Aim of the exercise: Which lines run from the one containing "Teens sit on" to the end of the records? Write them out exactly, both ends included, and nothing else.

*** Records supplied Section Begins ***

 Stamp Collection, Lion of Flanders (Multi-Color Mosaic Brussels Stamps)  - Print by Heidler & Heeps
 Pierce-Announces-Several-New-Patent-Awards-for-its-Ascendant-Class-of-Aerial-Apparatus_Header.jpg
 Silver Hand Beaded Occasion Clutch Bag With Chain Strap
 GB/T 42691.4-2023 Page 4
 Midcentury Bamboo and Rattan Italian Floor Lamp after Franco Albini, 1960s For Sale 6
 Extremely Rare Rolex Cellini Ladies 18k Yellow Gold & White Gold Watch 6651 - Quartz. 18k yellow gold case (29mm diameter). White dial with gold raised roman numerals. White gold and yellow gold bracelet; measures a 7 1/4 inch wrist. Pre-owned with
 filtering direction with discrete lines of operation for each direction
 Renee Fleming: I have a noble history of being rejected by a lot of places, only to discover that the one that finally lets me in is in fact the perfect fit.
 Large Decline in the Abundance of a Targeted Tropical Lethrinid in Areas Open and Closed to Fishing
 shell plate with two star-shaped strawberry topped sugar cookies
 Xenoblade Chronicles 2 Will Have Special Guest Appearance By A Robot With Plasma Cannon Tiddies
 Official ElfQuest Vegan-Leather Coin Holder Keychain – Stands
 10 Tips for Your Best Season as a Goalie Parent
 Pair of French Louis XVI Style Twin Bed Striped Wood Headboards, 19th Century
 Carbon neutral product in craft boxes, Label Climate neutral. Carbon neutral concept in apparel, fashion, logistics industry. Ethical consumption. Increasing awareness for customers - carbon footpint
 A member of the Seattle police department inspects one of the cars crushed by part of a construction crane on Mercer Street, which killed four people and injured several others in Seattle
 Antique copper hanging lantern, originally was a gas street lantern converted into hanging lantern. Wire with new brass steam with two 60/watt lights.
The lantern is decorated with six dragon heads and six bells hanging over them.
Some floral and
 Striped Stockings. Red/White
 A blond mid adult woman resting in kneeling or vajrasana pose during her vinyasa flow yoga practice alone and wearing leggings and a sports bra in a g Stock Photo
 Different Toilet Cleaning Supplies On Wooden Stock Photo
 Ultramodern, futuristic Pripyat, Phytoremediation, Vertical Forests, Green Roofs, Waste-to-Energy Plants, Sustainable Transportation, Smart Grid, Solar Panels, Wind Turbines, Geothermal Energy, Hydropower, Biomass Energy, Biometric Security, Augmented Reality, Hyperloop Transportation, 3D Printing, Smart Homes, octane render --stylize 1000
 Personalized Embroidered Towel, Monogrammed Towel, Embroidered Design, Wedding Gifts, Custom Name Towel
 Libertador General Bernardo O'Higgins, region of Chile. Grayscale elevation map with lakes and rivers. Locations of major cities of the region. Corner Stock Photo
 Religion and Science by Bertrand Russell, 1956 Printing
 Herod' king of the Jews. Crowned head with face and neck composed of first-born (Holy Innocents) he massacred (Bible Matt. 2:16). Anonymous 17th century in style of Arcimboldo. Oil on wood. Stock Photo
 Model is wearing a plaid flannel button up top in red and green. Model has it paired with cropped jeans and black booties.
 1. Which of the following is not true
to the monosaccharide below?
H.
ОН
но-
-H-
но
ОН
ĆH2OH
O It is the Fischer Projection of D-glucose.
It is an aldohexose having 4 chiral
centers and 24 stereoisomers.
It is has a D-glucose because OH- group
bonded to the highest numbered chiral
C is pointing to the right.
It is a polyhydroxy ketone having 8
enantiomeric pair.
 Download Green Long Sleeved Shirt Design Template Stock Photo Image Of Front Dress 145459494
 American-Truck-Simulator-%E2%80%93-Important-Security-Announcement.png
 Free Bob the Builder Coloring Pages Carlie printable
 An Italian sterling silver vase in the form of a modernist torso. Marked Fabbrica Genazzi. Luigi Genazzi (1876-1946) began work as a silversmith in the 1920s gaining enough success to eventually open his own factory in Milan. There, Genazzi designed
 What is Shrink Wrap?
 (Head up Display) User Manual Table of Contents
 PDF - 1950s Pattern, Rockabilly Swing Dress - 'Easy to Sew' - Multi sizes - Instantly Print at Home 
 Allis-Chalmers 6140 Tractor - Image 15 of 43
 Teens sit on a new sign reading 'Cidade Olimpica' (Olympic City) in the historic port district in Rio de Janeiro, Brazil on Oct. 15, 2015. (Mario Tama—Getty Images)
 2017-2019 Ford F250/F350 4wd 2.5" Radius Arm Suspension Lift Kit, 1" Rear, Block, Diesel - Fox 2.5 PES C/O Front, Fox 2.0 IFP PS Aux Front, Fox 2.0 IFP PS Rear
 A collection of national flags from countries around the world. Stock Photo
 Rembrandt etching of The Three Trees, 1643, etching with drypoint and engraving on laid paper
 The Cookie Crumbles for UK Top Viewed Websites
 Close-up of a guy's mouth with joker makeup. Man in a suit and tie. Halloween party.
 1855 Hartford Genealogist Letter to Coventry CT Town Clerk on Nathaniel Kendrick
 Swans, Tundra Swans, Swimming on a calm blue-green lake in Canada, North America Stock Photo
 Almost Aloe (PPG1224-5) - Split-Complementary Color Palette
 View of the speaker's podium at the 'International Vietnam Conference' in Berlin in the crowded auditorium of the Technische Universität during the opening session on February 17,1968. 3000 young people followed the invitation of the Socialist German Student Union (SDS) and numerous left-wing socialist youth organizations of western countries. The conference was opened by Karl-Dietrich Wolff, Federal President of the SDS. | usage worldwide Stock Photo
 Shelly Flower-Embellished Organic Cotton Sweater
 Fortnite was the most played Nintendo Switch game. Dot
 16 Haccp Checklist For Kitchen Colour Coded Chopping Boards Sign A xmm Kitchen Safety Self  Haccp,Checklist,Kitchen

*** Records supplied Section Ends ***

Exercise answer:
 Teens sit on a new sign reading 'Cidade Olimpica' (Olympic City) in the historic port district in Rio de Janeiro, Brazil on Oct. 15, 2015. (Mario Tama—Getty Images)
 2017-2019 Ford F250/F350 4wd 2.5" Radius Arm Suspension Lift Kit, 1" Rear, Block, Diesel - Fox 2.5 PES C/O Front, Fox 2.0 IFP PS Aux Front, Fox 2.0 IFP PS Rear
 A collection of national flags from countries around the world. Stock Photo
 Rembrandt etching of The Three Trees, 1643, etching with drypoint and engraving on laid paper
 The Cookie Crumbles for UK Top Viewed Websites
 Close-up of a guy's mouth with joker makeup. Man in a suit and tie. Halloween party.
 1855 Hartford Genealogist Letter to Coventry CT Town Clerk on Nathaniel Kendrick
 Swans, Tundra Swans, Swimming on a calm blue-green lake in Canada, North America Stock Photo
 Almost Aloe (PPG1224-5) - Split-Complementary Color Palette
 View of the speaker's podium at the 'International Vietnam Conference' in Berlin in the crowded auditorium of the Technische Universität during the opening session on February 17,1968. 3000 young people followed the invitation of the Socialist German Student Union (SDS) and numerous left-wing socialist youth organizations of western countries. The conference was opened by Karl-Dietrich Wolff, Federal President of the SDS. | usage worldwide Stock Photo
 Shelly Flower-Embellished Organic Cotton Sweater
 Fortnite was the most played Nintendo Switch game. Dot
 16 Haccp Checklist For Kitchen Colour Coded Chopping Boards Sign A xmm Kitchen Safety Self  Haccp,Checklist,Kitchen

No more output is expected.